Career NFL statistics
- Total tackles:: 26
- Stats at Pro Football Reference

= Alfred Fincher =

American football player (born 1983)

Alfred William Fincher (born August 15, 1983) is an American former professional football player who was a linebacker in the National Football League (NFL). He was selected by the New Orleans Saints in the third round of the 2005 NFL draft. He played college football for the Connecticut Huskies.

Fincher was also a member of the Detroit Lions, Washington Redskins, and New York Sentinels.

==Professional career==

===New Orleans Saints===
In 2006, Fincher played in six games for the New Orleans Saints and recorded nine tackles.

Fincher played in seven games for the New Orleans Saints in 2007, recording three tackles. He was placed on injured reserve on November 4, 2007 due to a concussion, ending his season.
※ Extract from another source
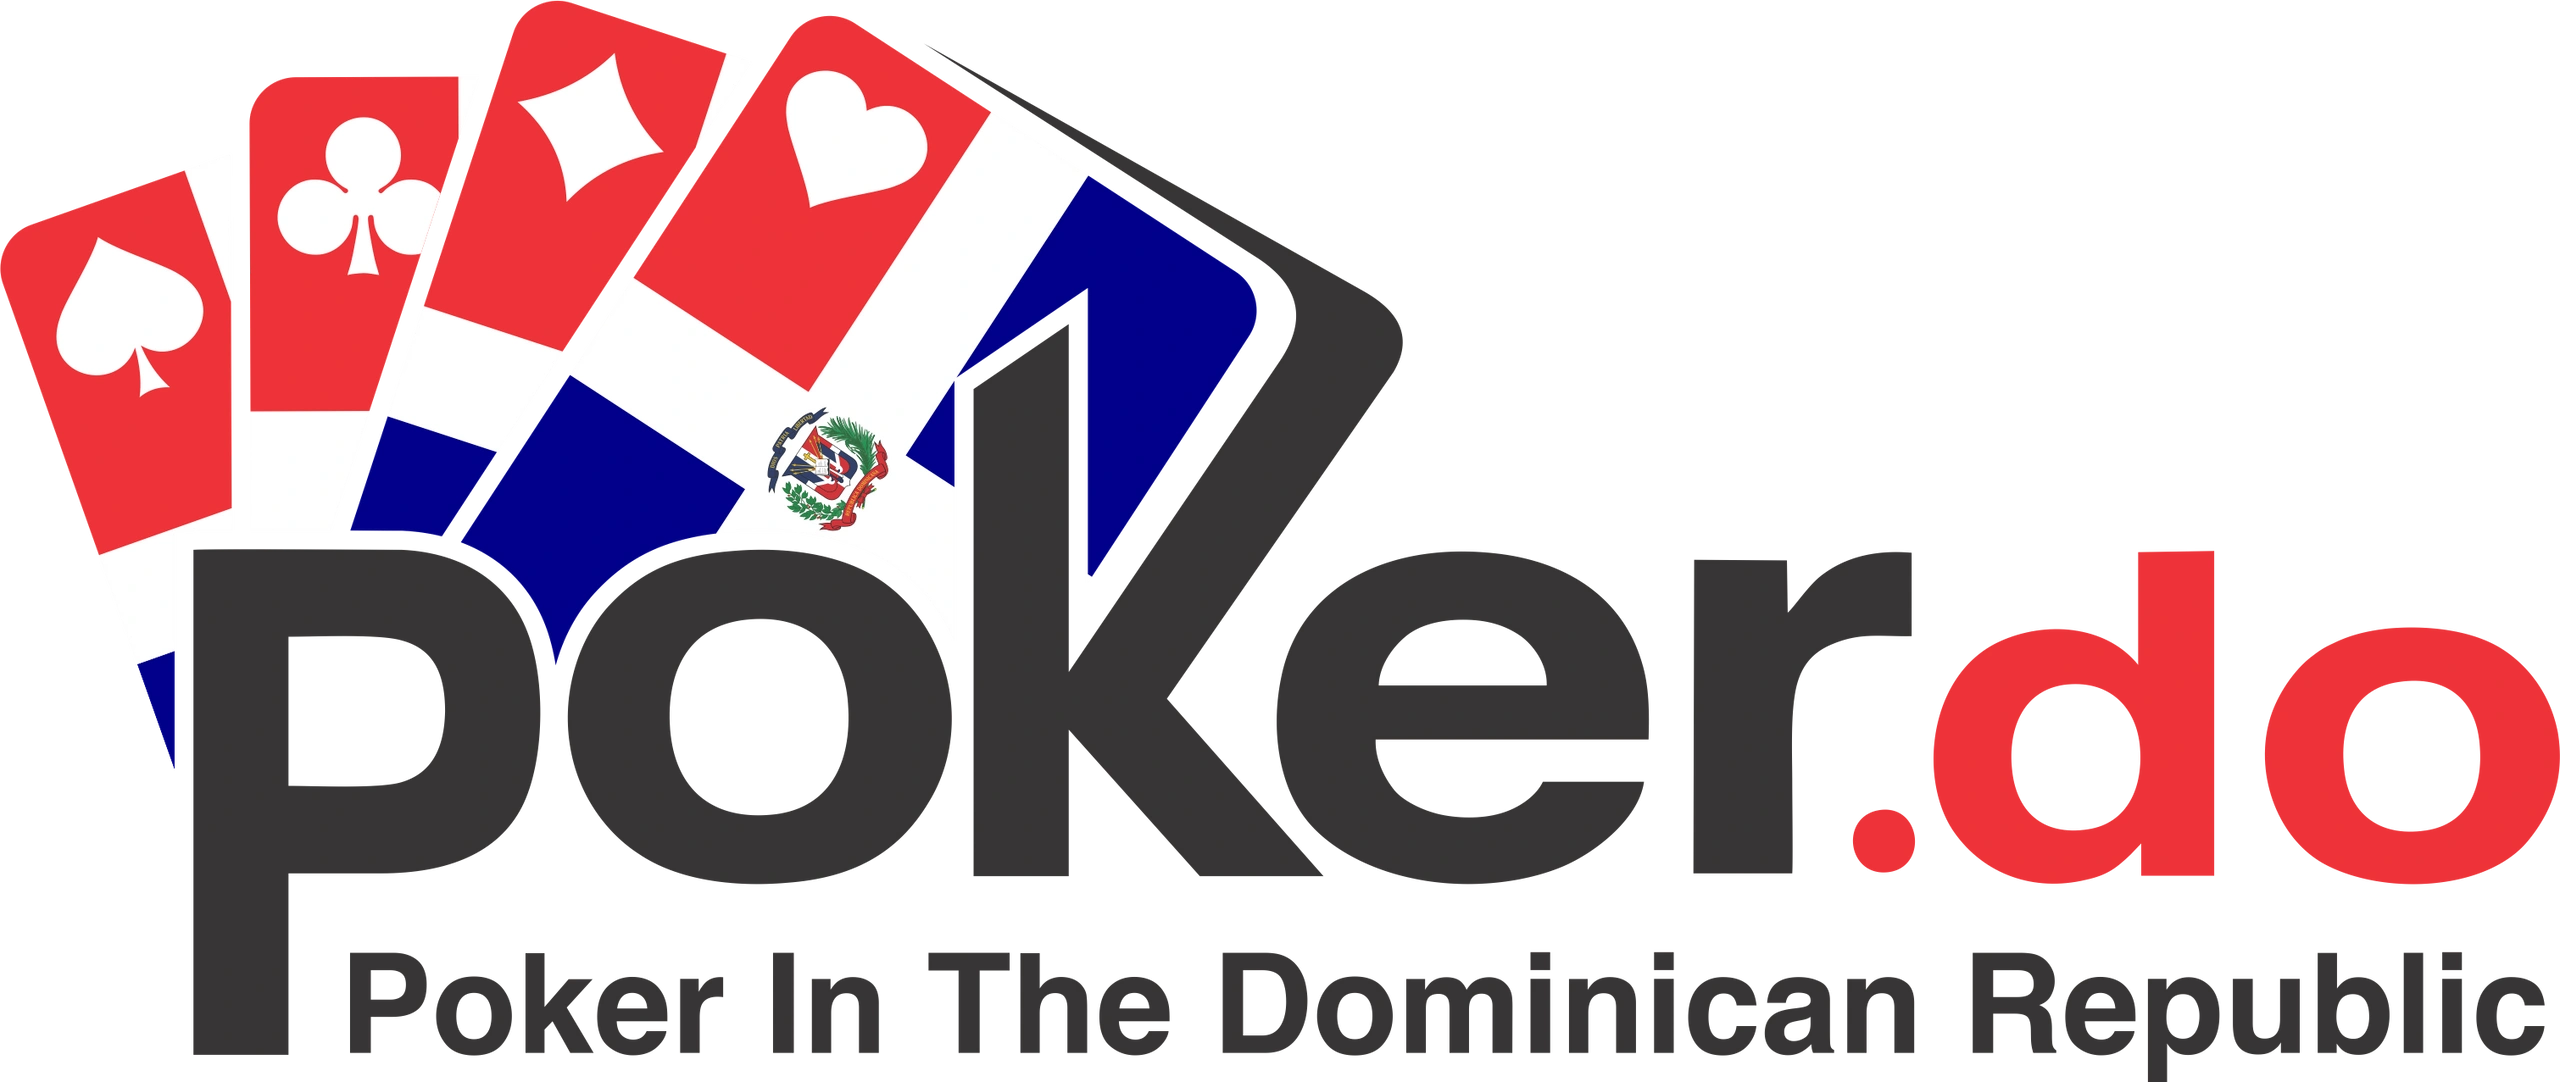 Poker.do - Poker Dominican Republic, No Limit Texas Hold'em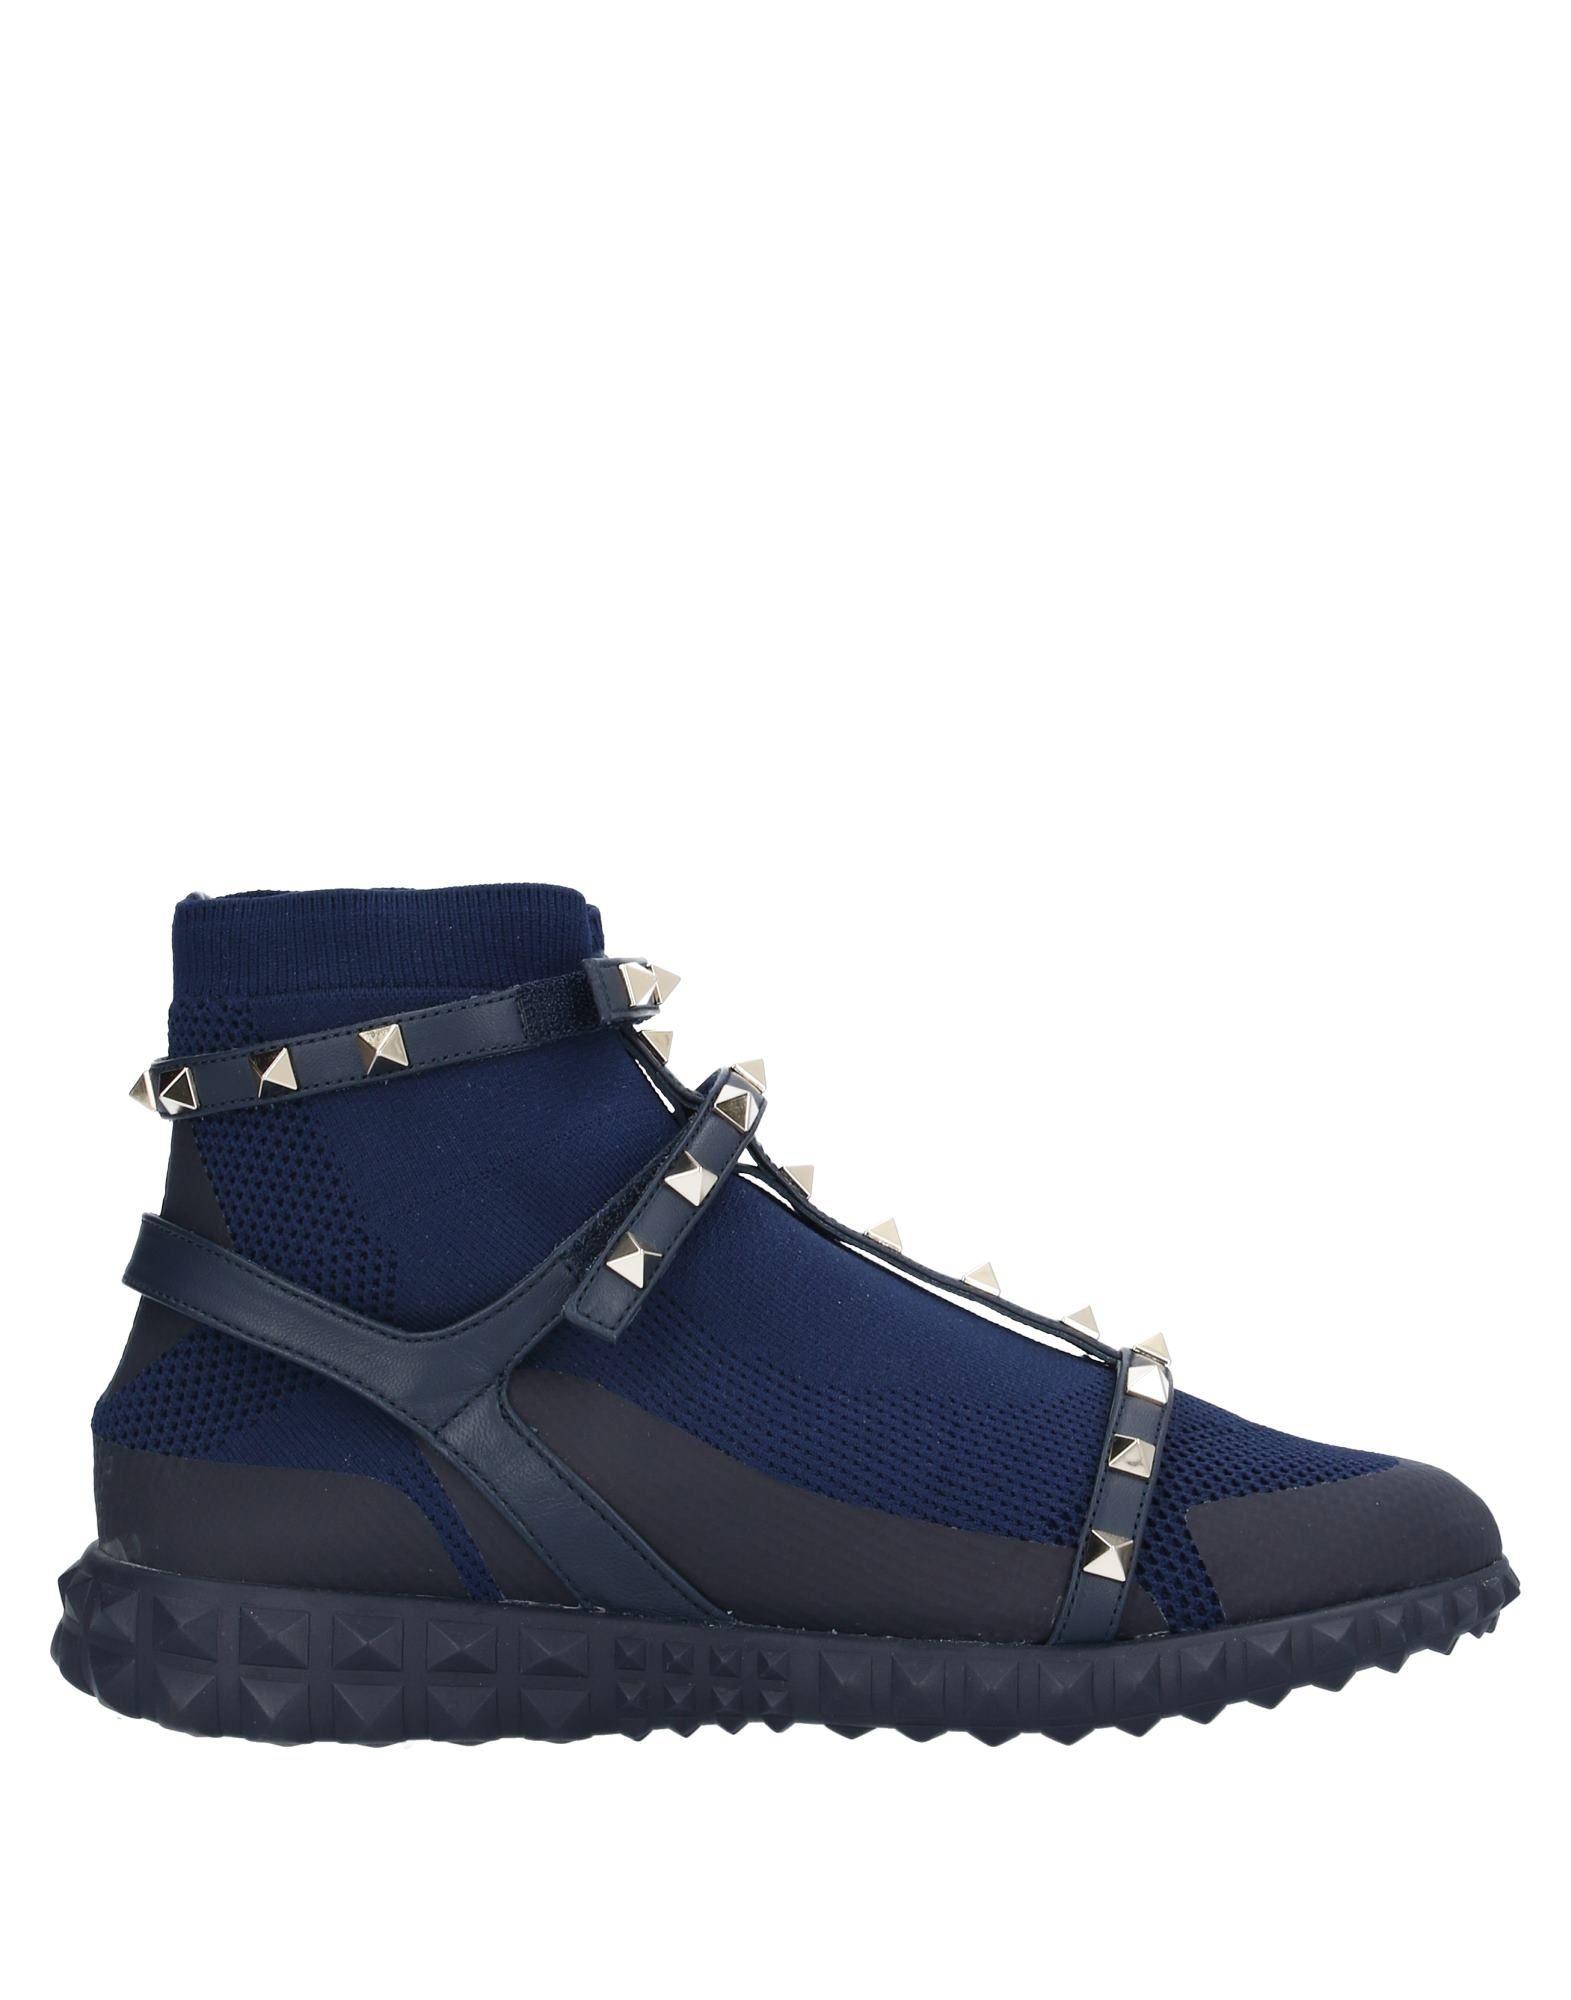 Valentino Garavani Rubber High-tops & Sneakers in Dark Blue (Blue) - Lyst

He was waived from injured reserve on November 29. He has inspired his cousin Travis Fincher while playing for the 'SR Colts', during the 2007-08 season.

===Detroit Lions===
On March 27, 2008, Fincher was signed by the Detroit Lions. However, he was released on July 27 after linebacker Teddy Lehman was re-signed.

===Washington Redskins===
On July 31, 2008, Fincher was signed by the Washington Redskins. He re-signed with the Redskins on March 10, 2009. He was waived on August 30.

==Personal life==
Fincher works as a fisherman in the Bahamas.